◆ **EXERCISE DIRECTIONS**: The reply should hold only the lines below beginning at the one with "I hope the millions" and ending at the one with "From all of", copied exactly, with every picture left out.

◆ **RECORDS**:

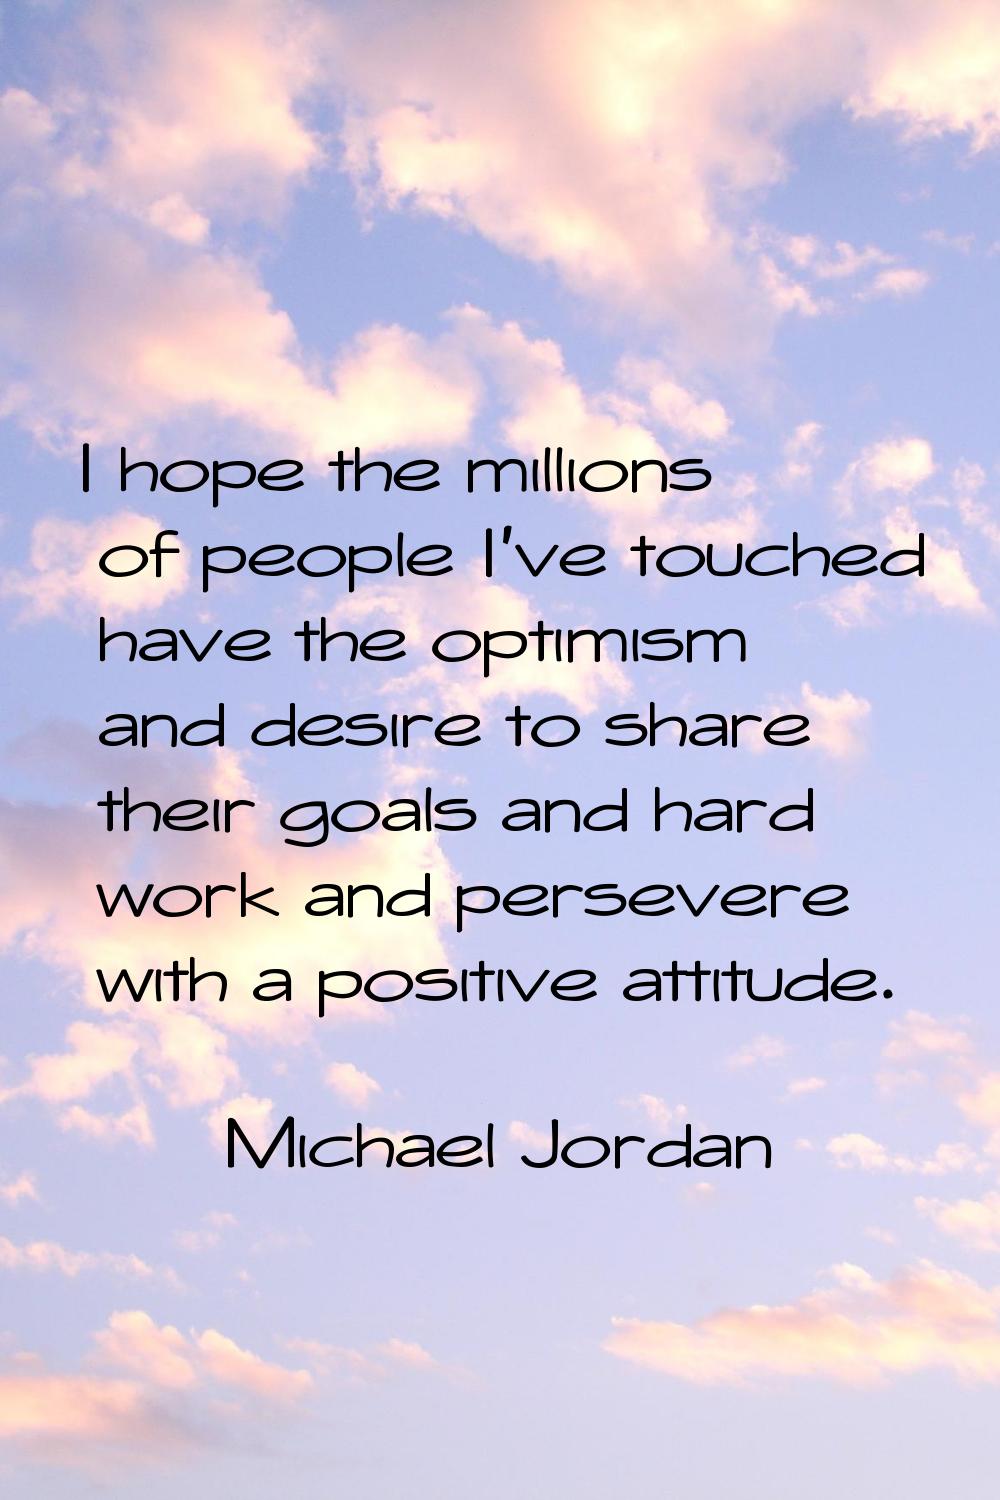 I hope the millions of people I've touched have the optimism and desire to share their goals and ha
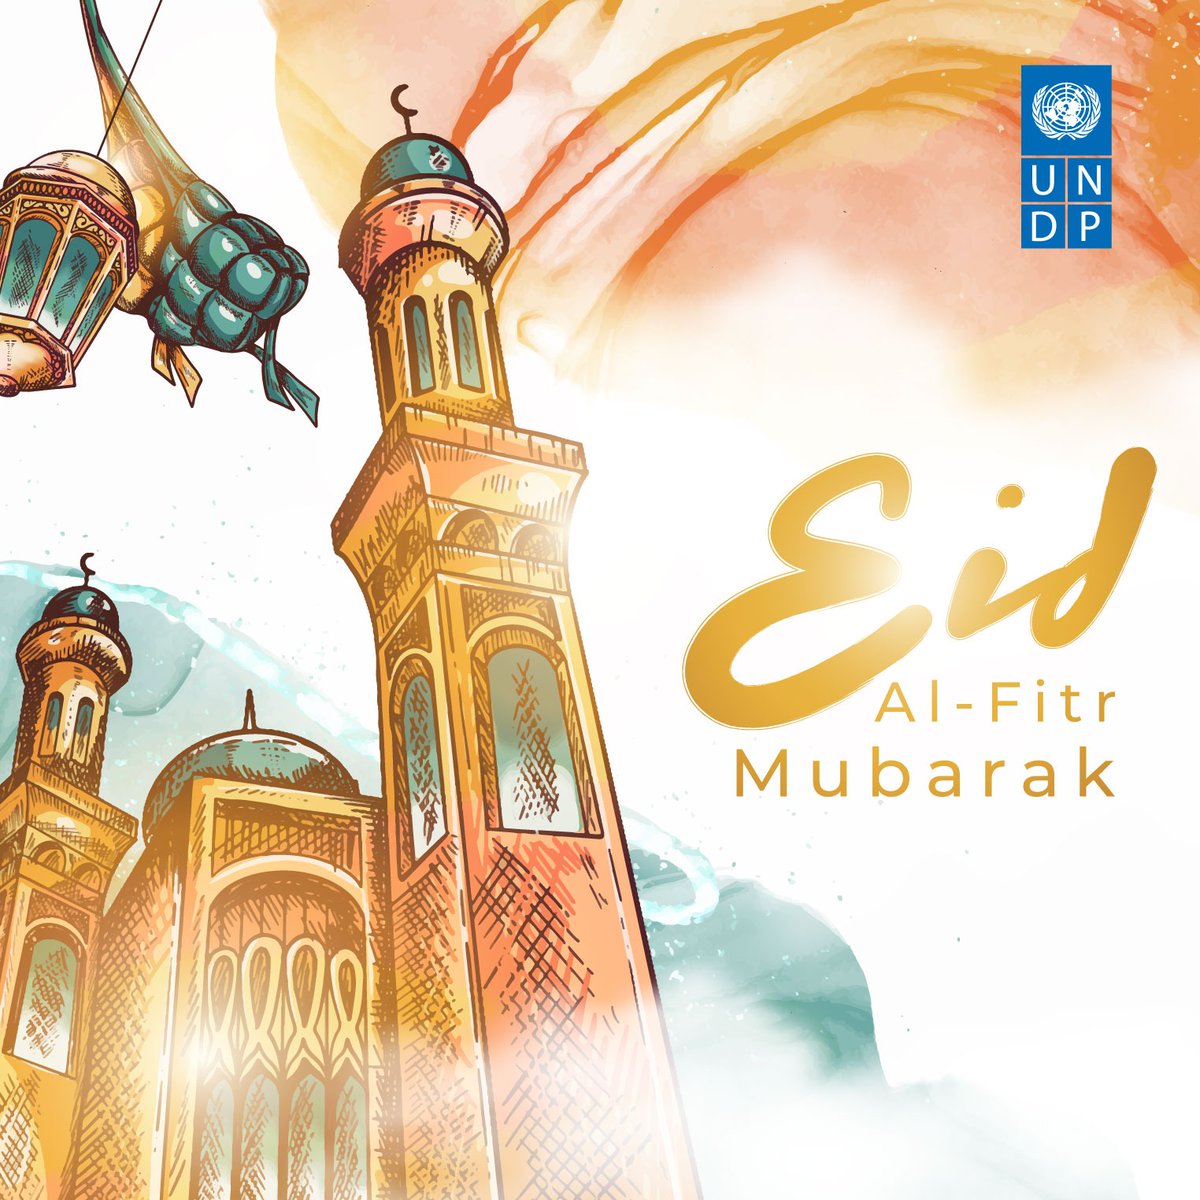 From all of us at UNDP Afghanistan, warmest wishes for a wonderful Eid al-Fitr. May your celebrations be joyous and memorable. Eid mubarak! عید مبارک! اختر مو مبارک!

---

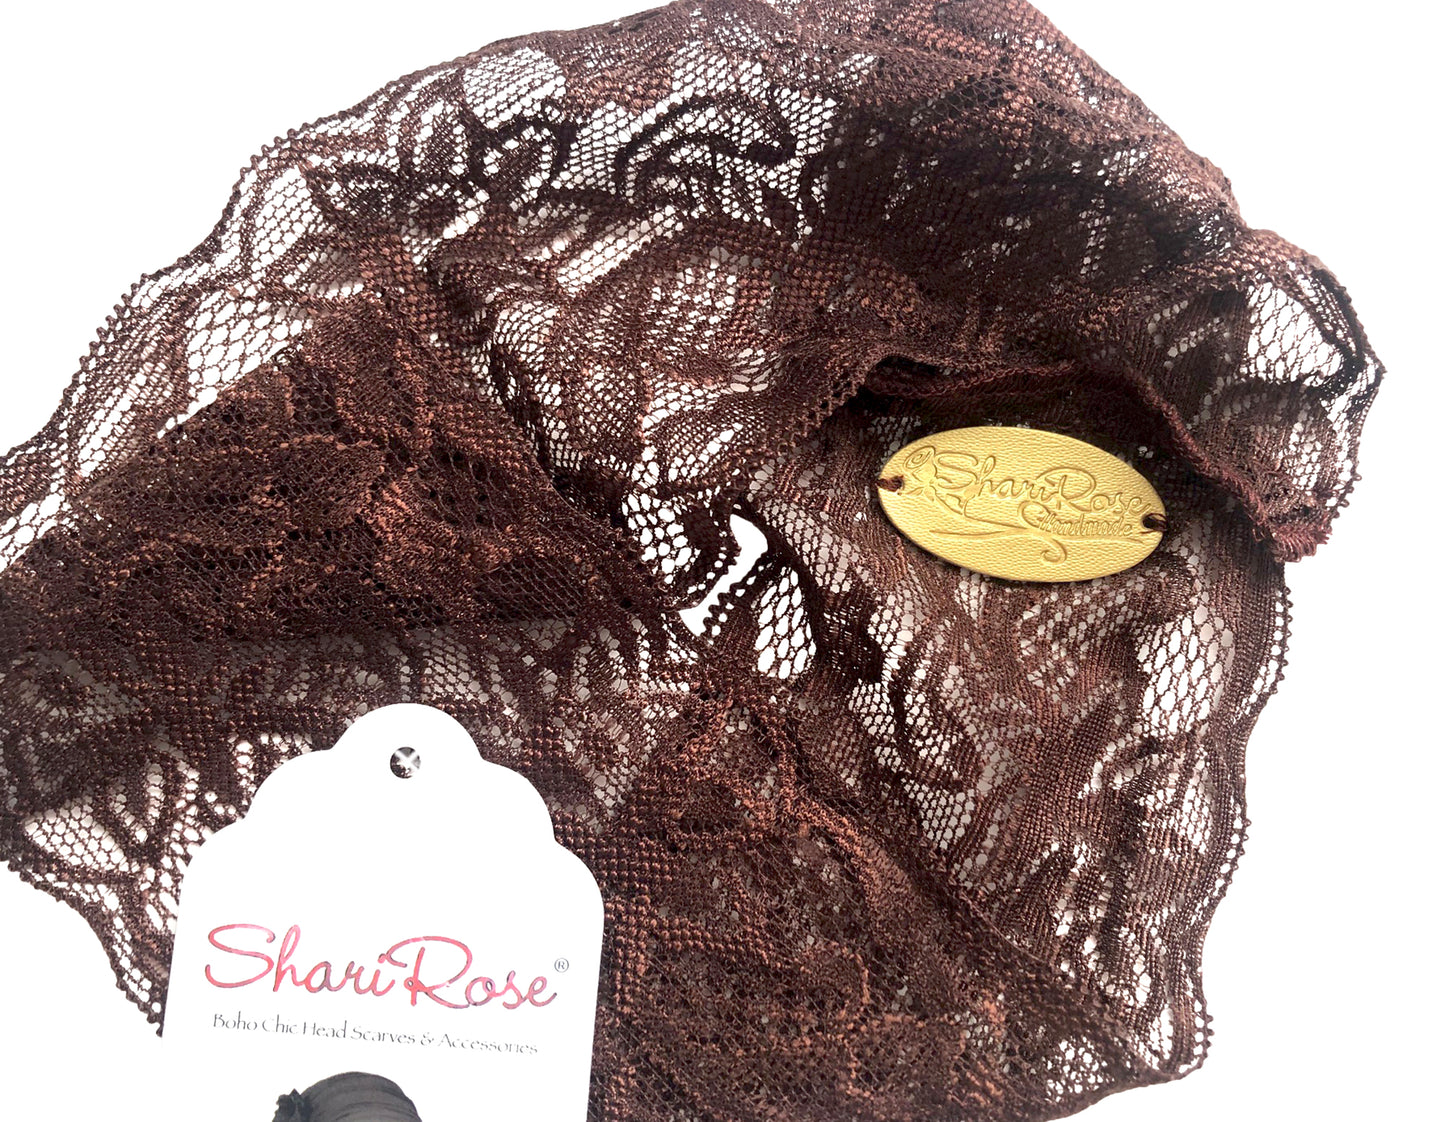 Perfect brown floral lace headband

...

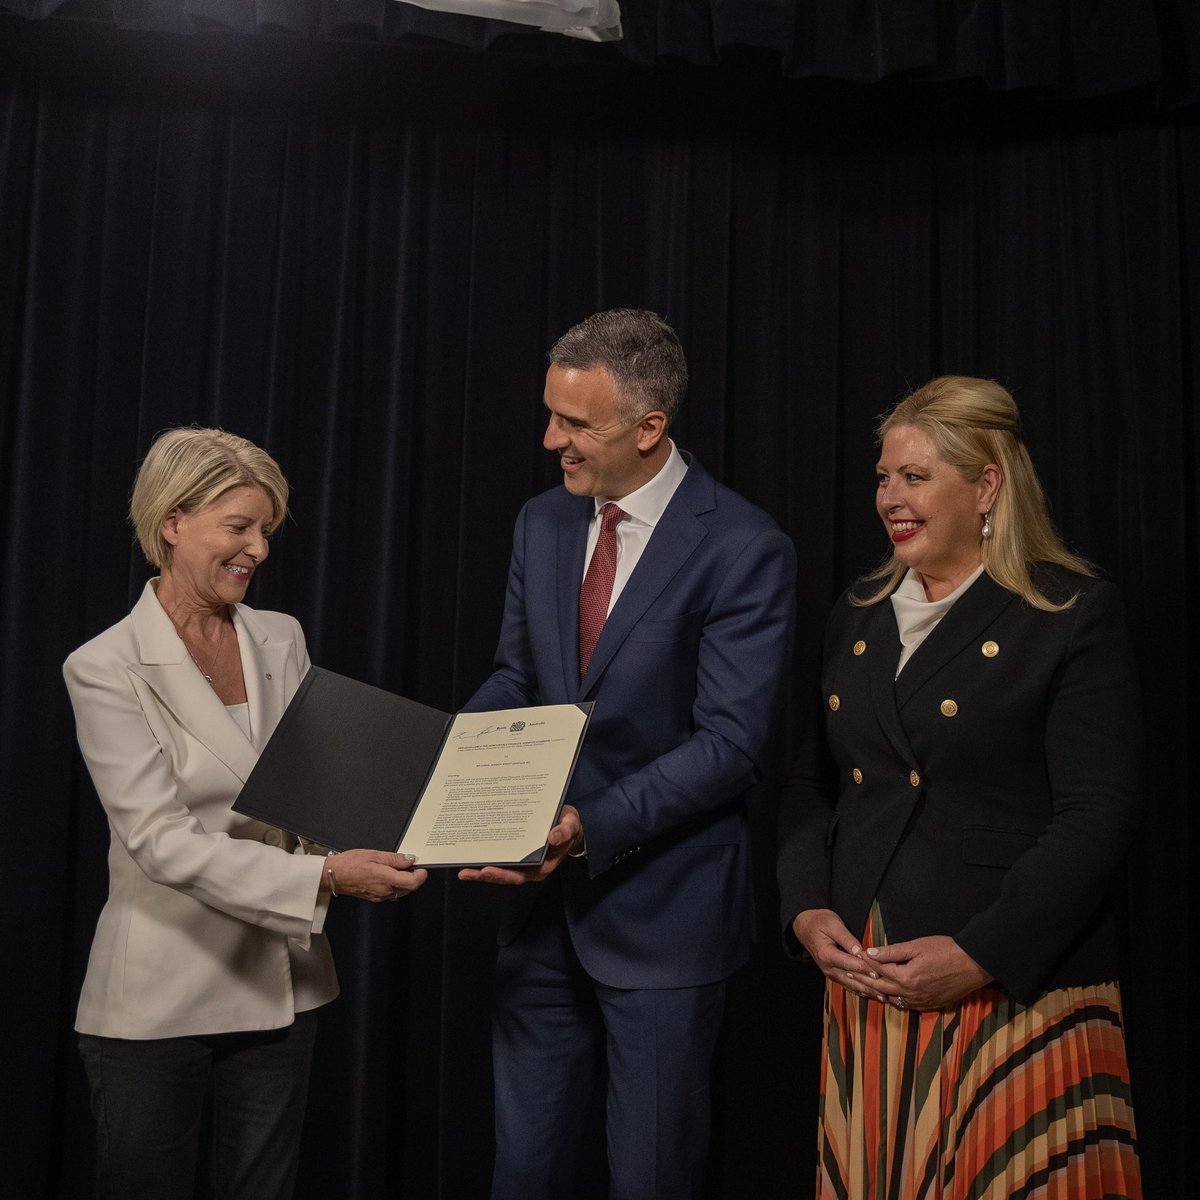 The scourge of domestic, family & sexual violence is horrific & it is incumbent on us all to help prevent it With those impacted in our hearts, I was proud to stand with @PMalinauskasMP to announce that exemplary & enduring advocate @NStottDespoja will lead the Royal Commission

◆ **EXERCISE RESULT**:
 I hope the millions of people I've touched have the optimism and desire to share their goals and ha
 From all of us at UNDP Afghanistan, warmest wishes for a wonderful Eid al-Fitr. May your celebrations be joyous and memorable. Eid mubarak! عید مبارک! اختر مو مبارک!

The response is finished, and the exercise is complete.